Repeat the listing exactly, minus the pictures.

GIVEN DATA:
-------------------------

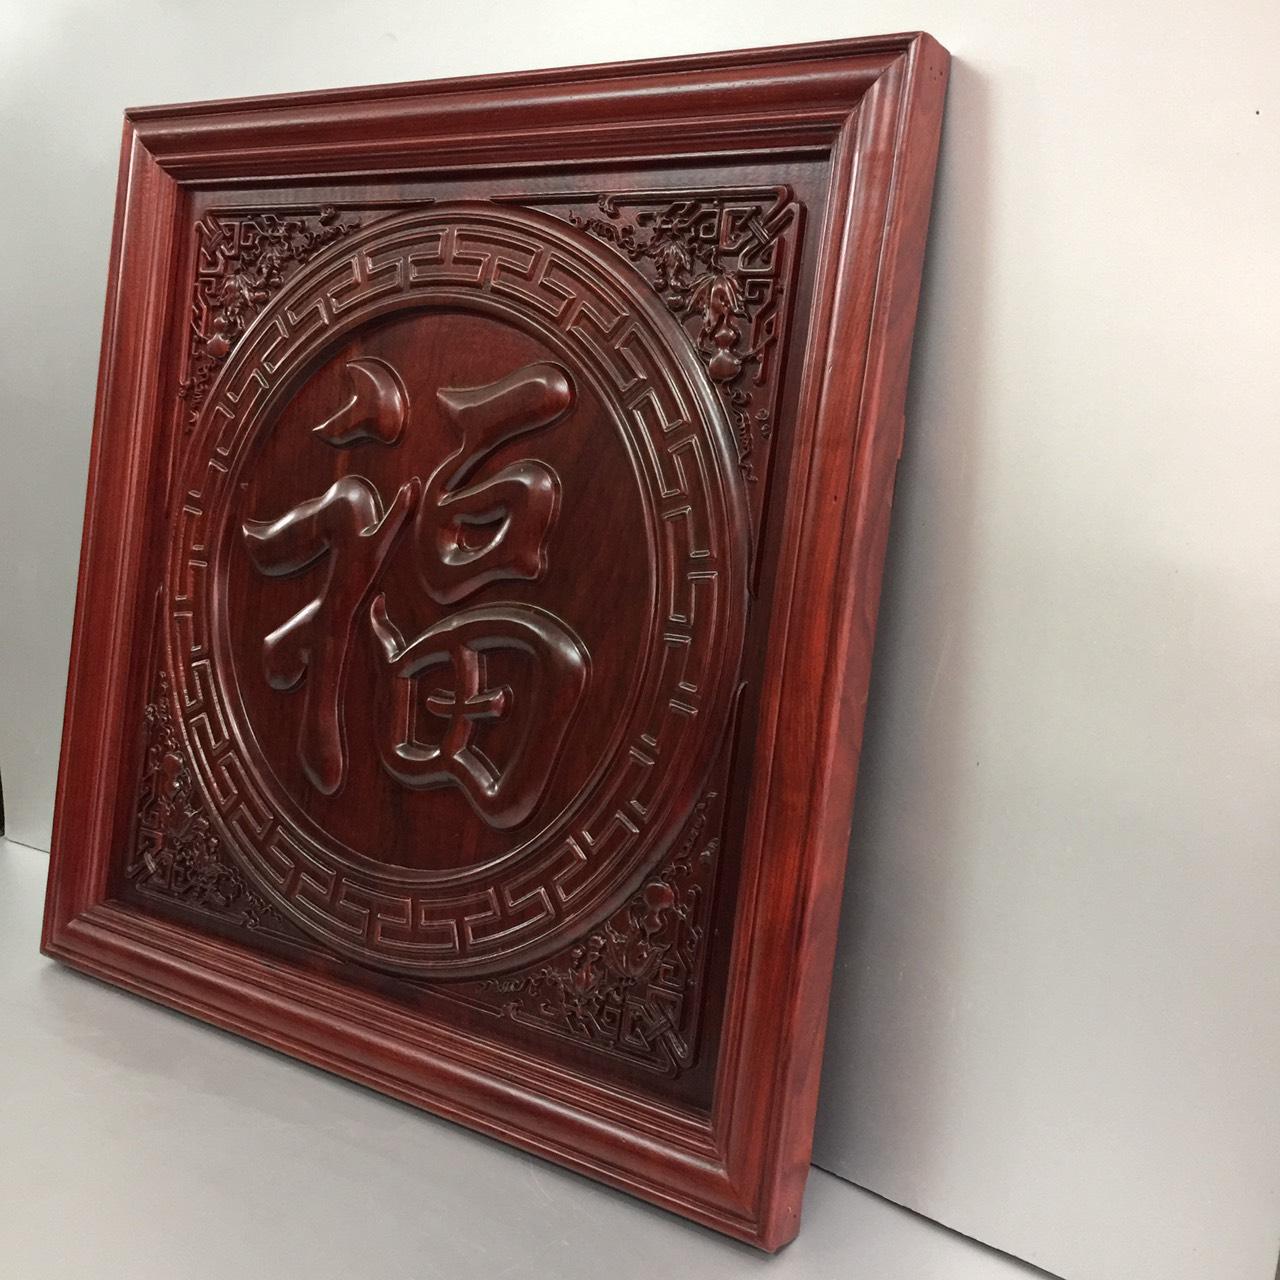 Chữ trang trí chữ Phúc gỗ hương , sơn PU cao cấp, thợ làm kỉ đẹp dành cho bàn thờ treo, bàn thờ cặp , trang trí phòng khách , trang trí phòng làm việc, hoặc bàn thờ.
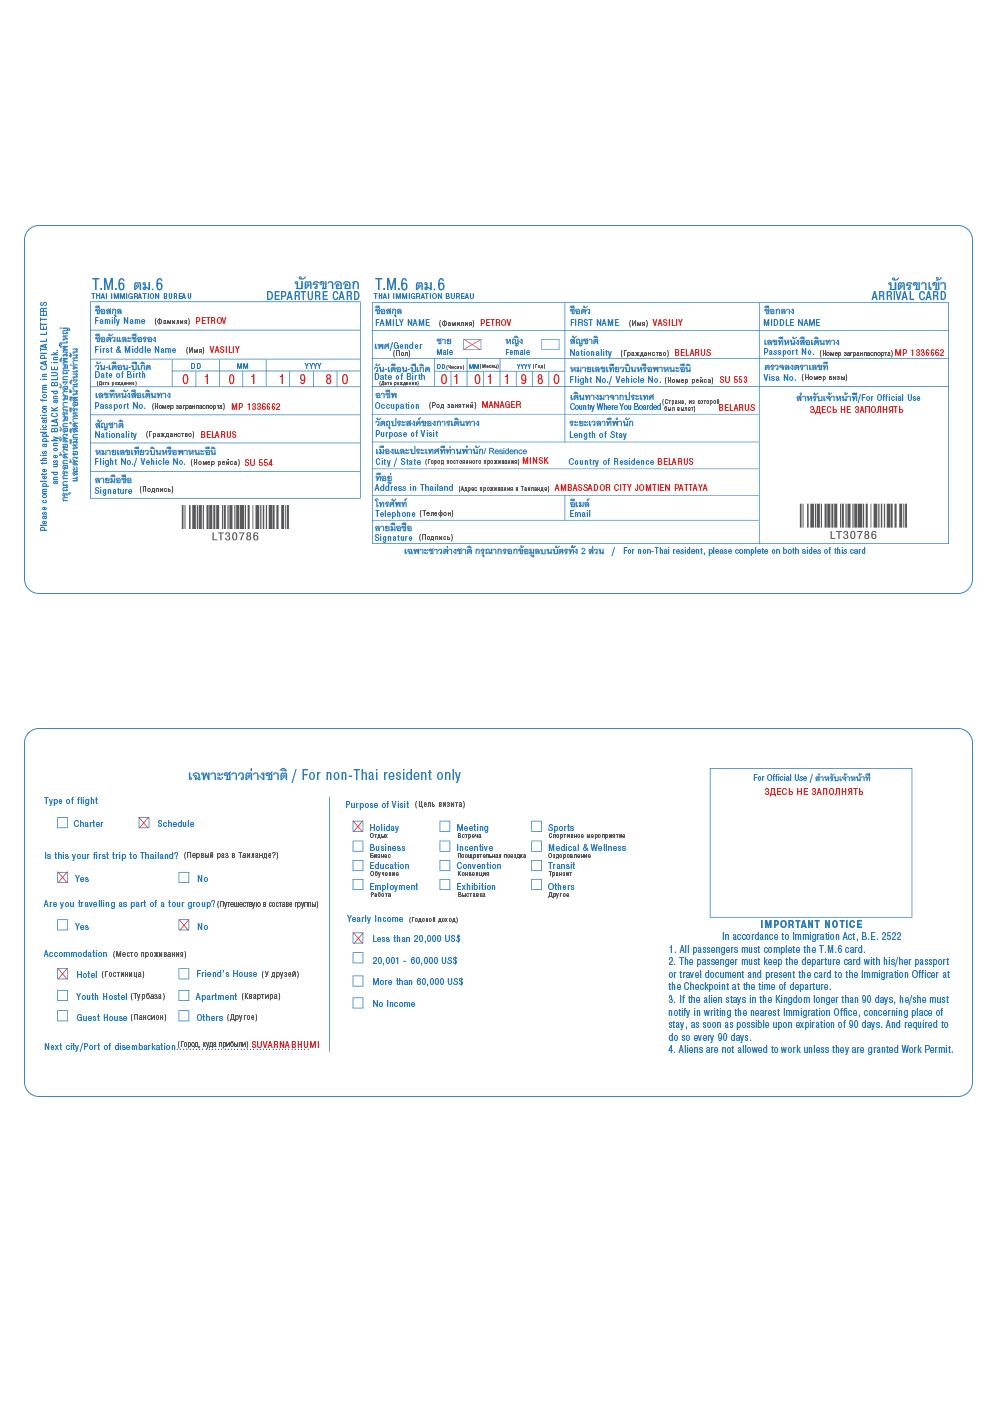 Образец заполнения иммиграционной карточки
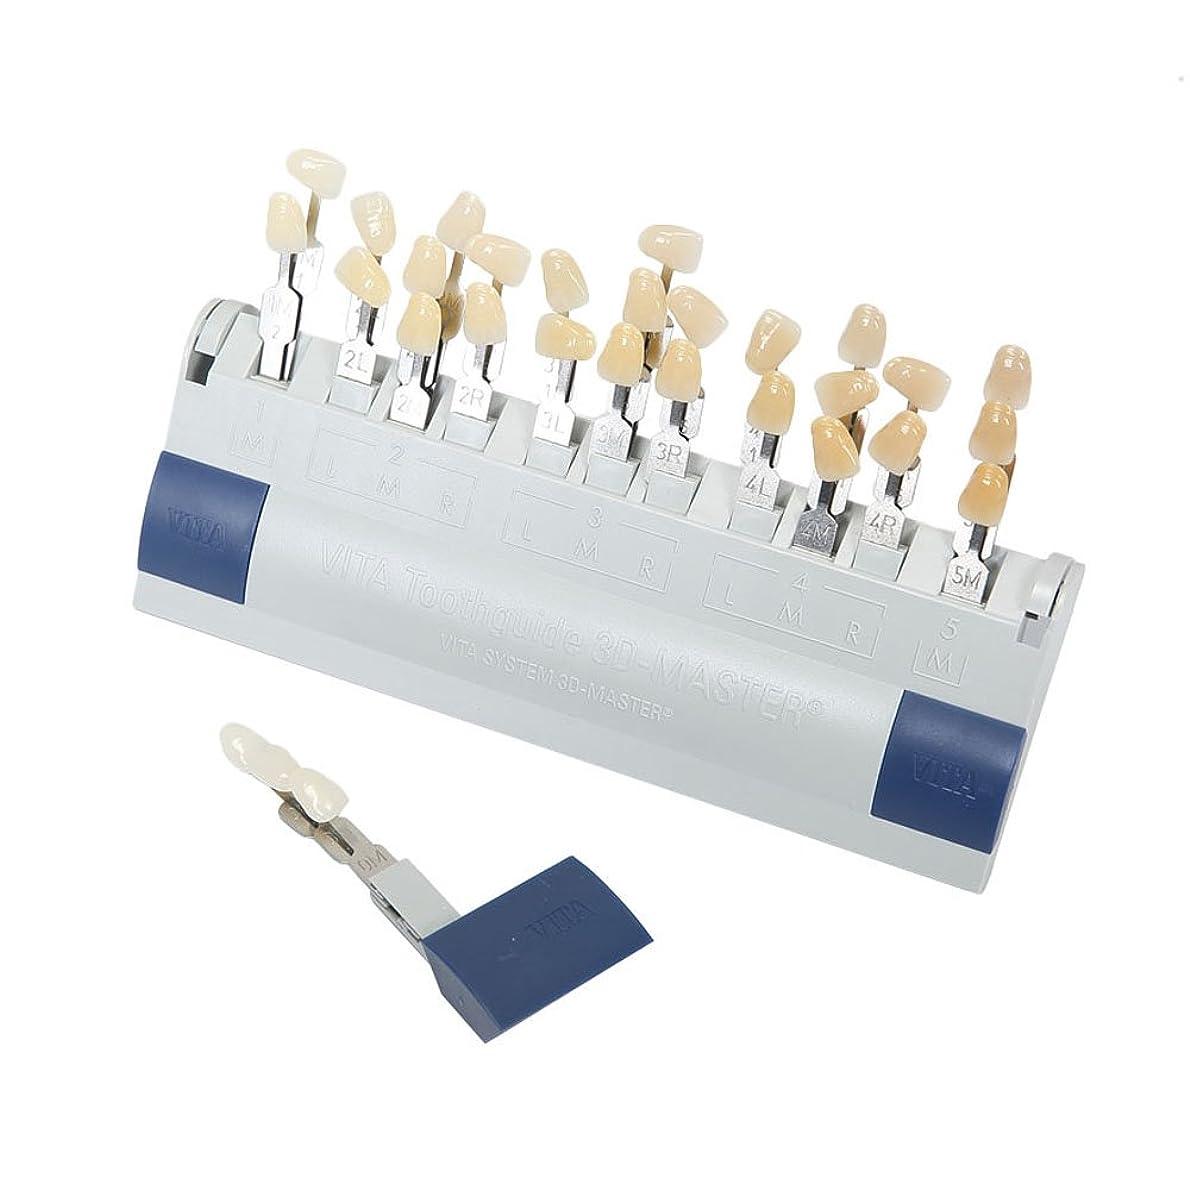 理論的バリー回答VITA 歯科ホワイトニング シェードガイド 29色 3D 歯列模型ボード
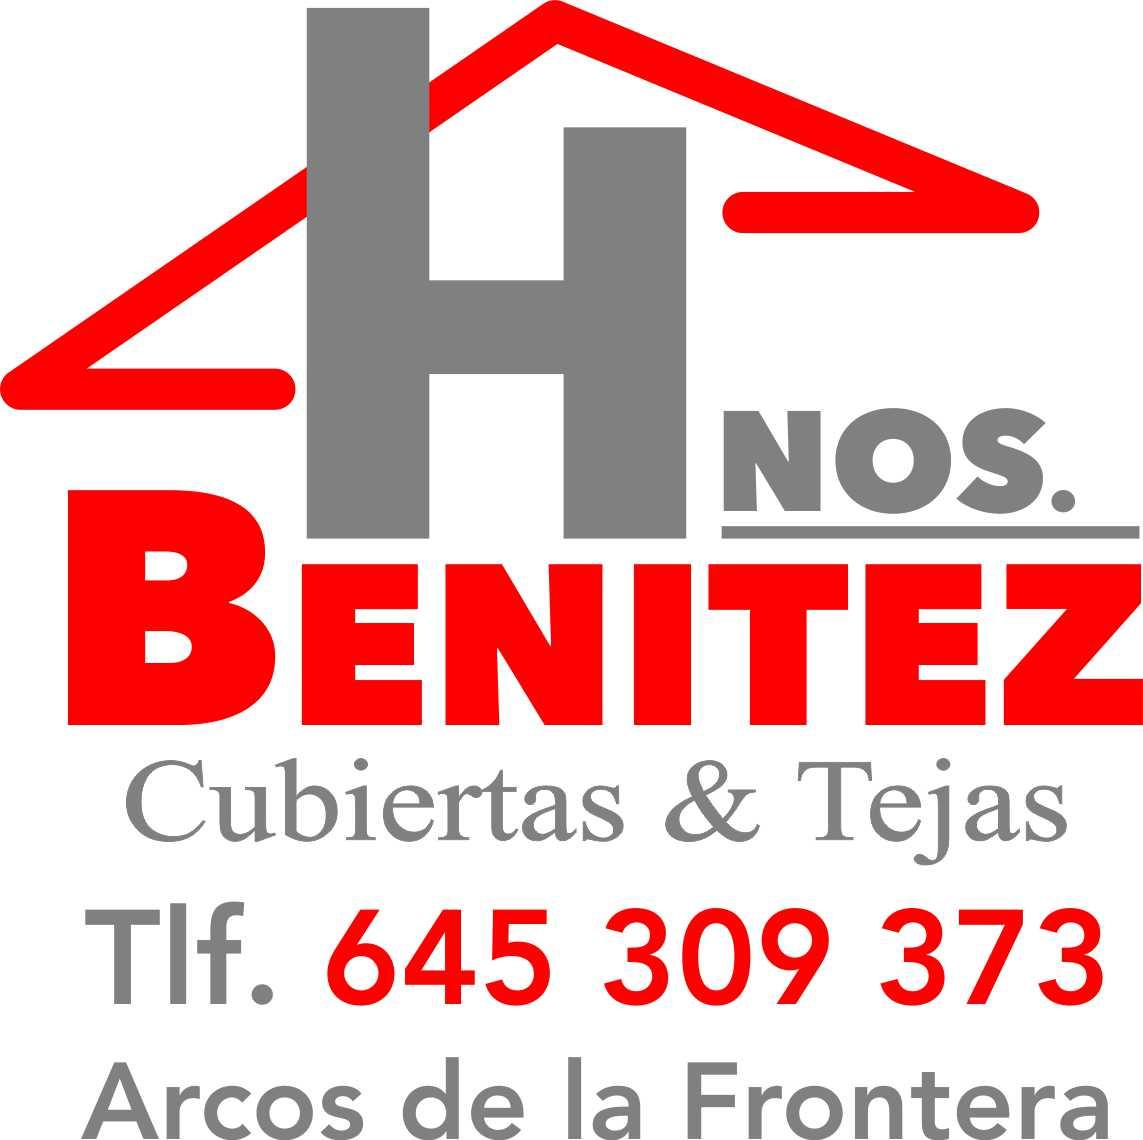 CUBIERTAS Y TEJAS HNOS. BENITEZ

-------------------------

ANSWER:
 Chữ trang trí chữ Phúc gỗ hương , sơn PU cao cấp, thợ làm kỉ đẹp dành cho bàn thờ treo, bàn thờ cặp , trang trí phòng khách , trang trí phòng làm việc, hoặc bàn thờ.
 Образец заполнения иммиграционной карточки
 理論的バリー回答VITA 歯科ホワイトニング シェードガイド 29色 3D 歯列模型ボード
 CUBIERTAS Y TEJAS HNOS. BENITEZ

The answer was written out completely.